I spent the morning writing this out in response to a video clip that is timestamped below:
I don't know how the music industry works or what determines which venues you're allowed to play at and how you get distribution etc., but in my view a small handful of individuals who insist on making a difference in disrupting the status quo can at least afford to do so in the long-term (~10 years) by saving in #Bitcoin early and often, and betting on themselves and their own tastes in music or in any other art form.
I do think that social platforms like YouTube and Instagram have helped tremendously in discoverability and finding artists that I would not have found otherwise, but I think the financial support side of things comes back to old school art patronage and individuals who save their own money expressly for this purpose. For me it comes back to 1,000 True Fans by Kevin Kelly or the idea of superfans who do most of the heavy lifting.
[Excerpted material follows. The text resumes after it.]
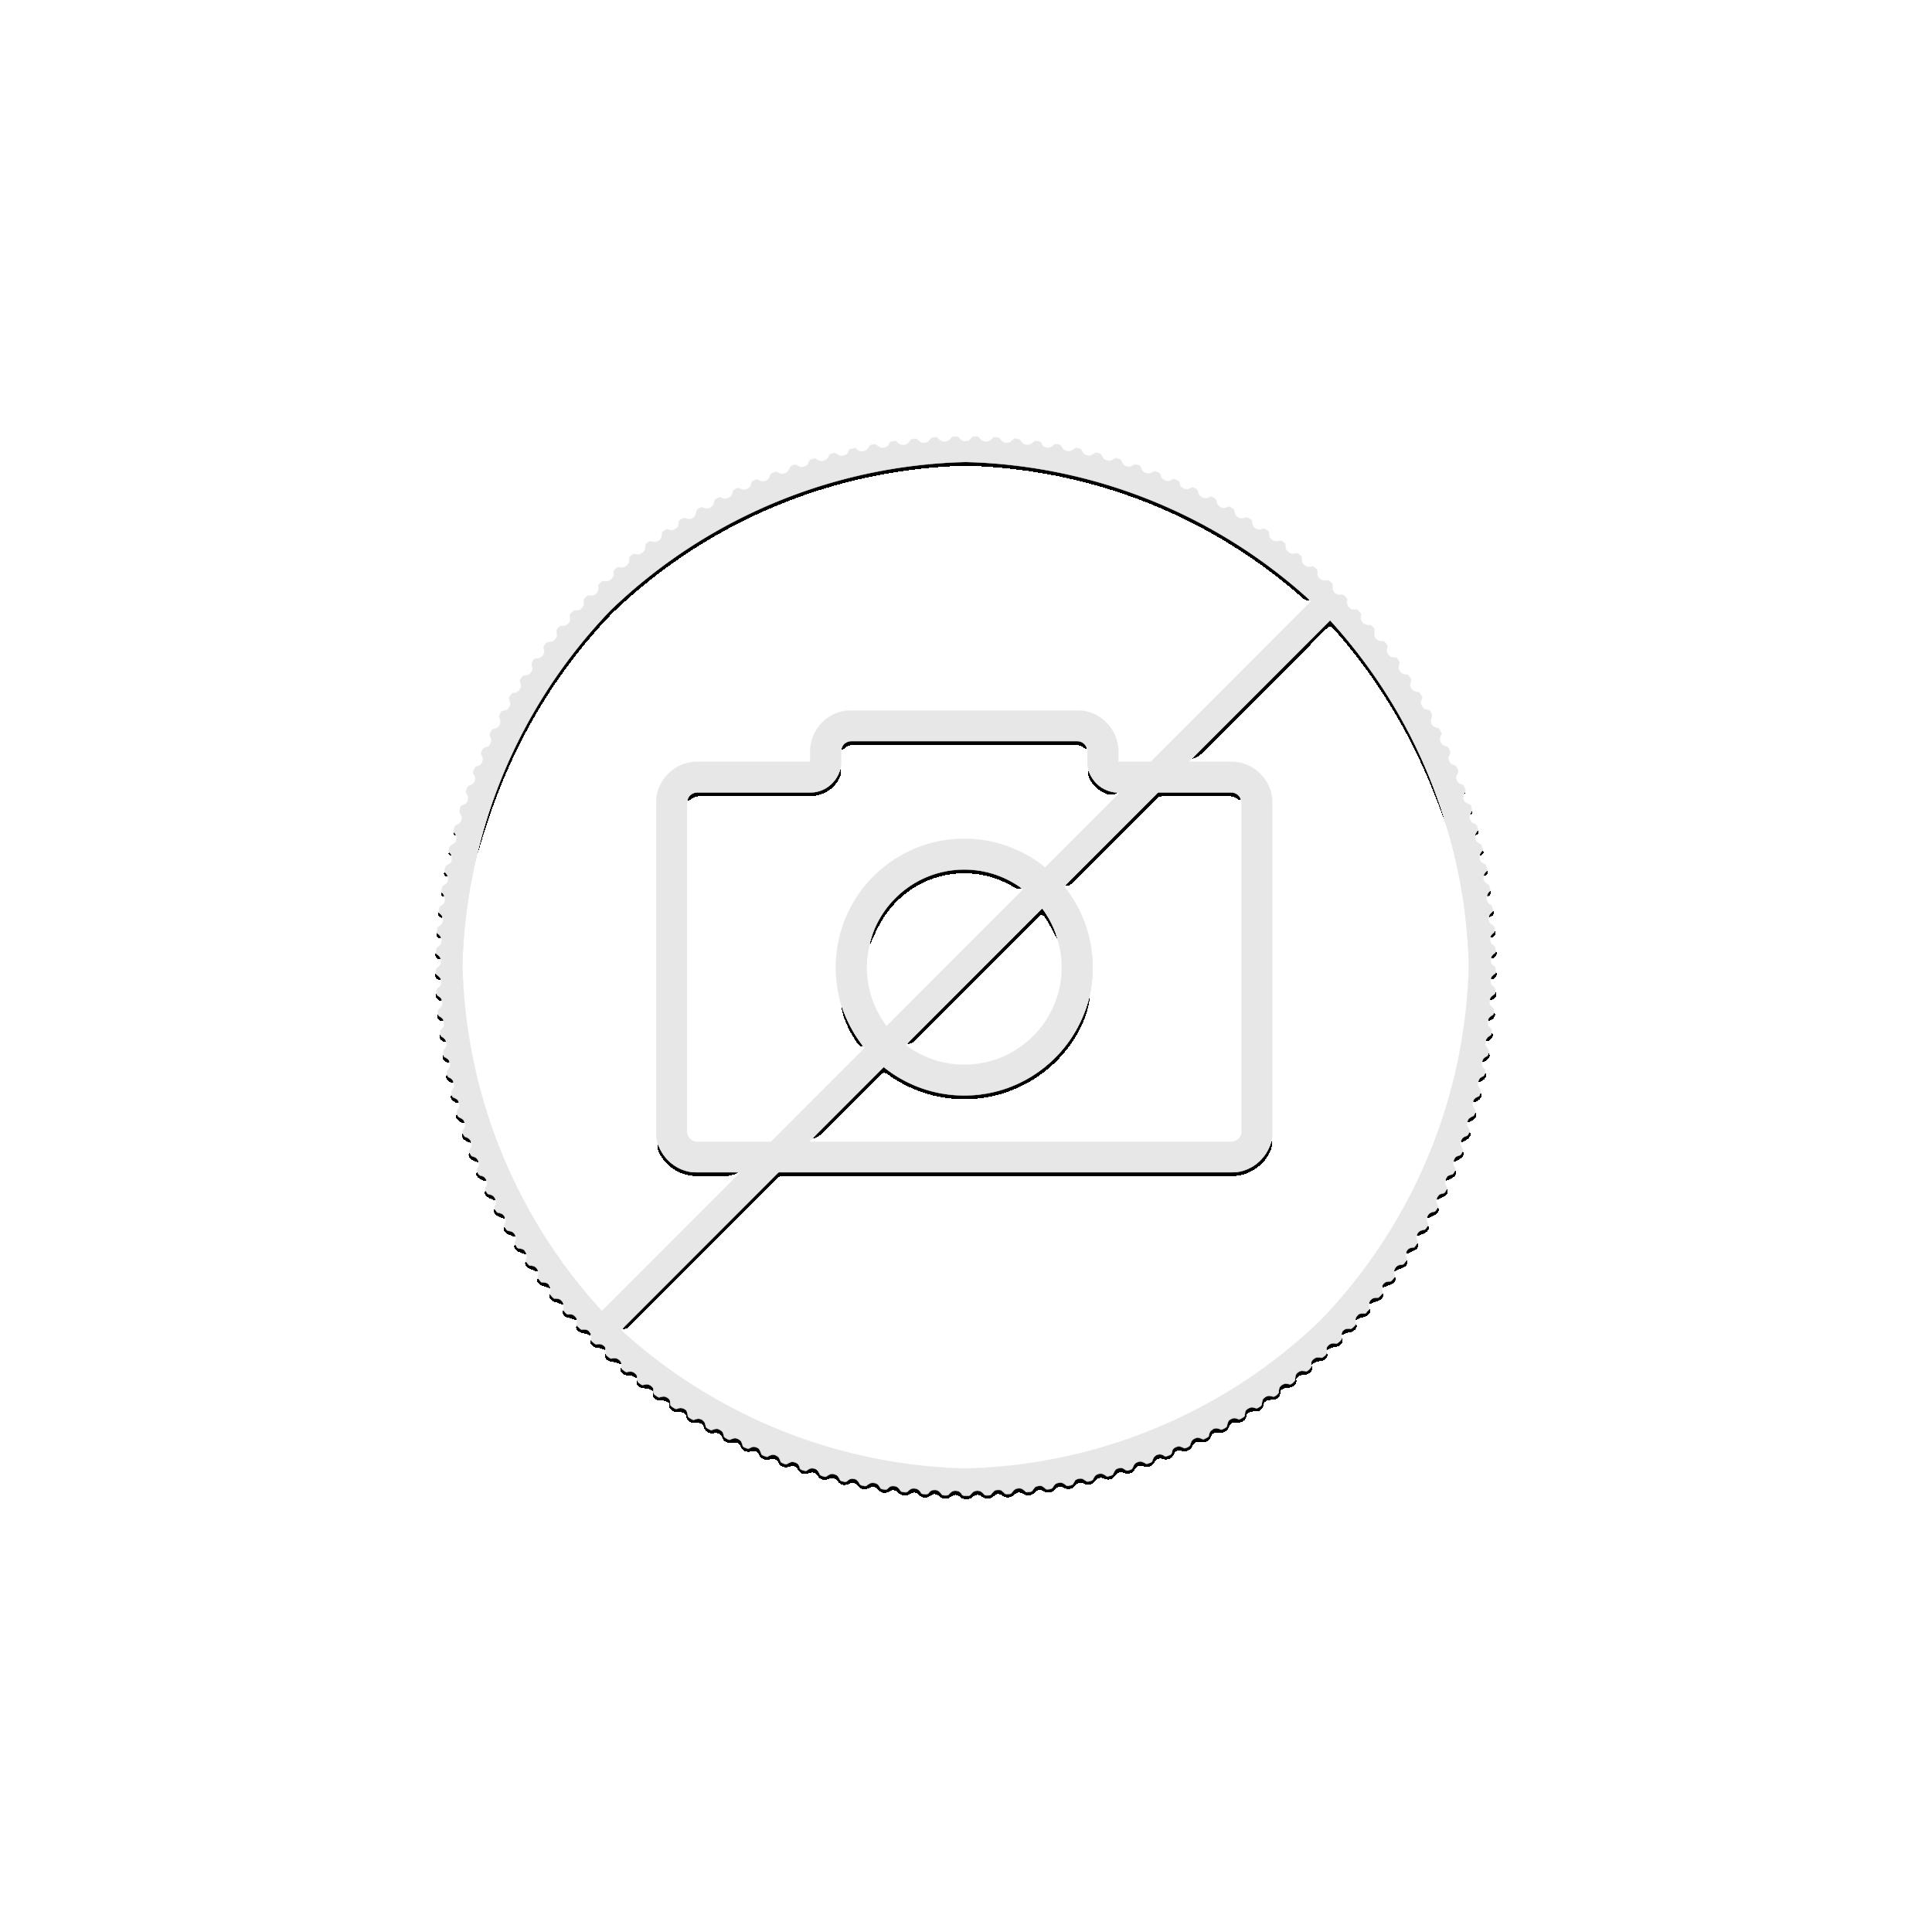 2 troy ounce silver coin Samoa Avalokitesvara Piedfort - antique finish 2020

I think that #Bitcoin is a necessity for this to happen broadly, and that eventually hundreds or thousands of people saving in Bitcoin and sponsoring precisely the kinds of art that they personally want to see in the world will make a huge difference.
That lack of aspiring patrons / Bitcoin-savers is what I think is currently missing in terms of why we aren't seeing a more level playing field in terms of opportunities for financial success in the arts. There simply needs to be more potential patrons with money to spend that they want to dedicate to supporting the arts at an intensely personal level. The more abstract that gets (i.e. relying on institutions or group-think or collectives instead of your own idiosyncratic taste), the less effective the patronage becomes. I go back to Zero to One: What would you do where, if you weren't the one doing it, it wouldn't happen at all?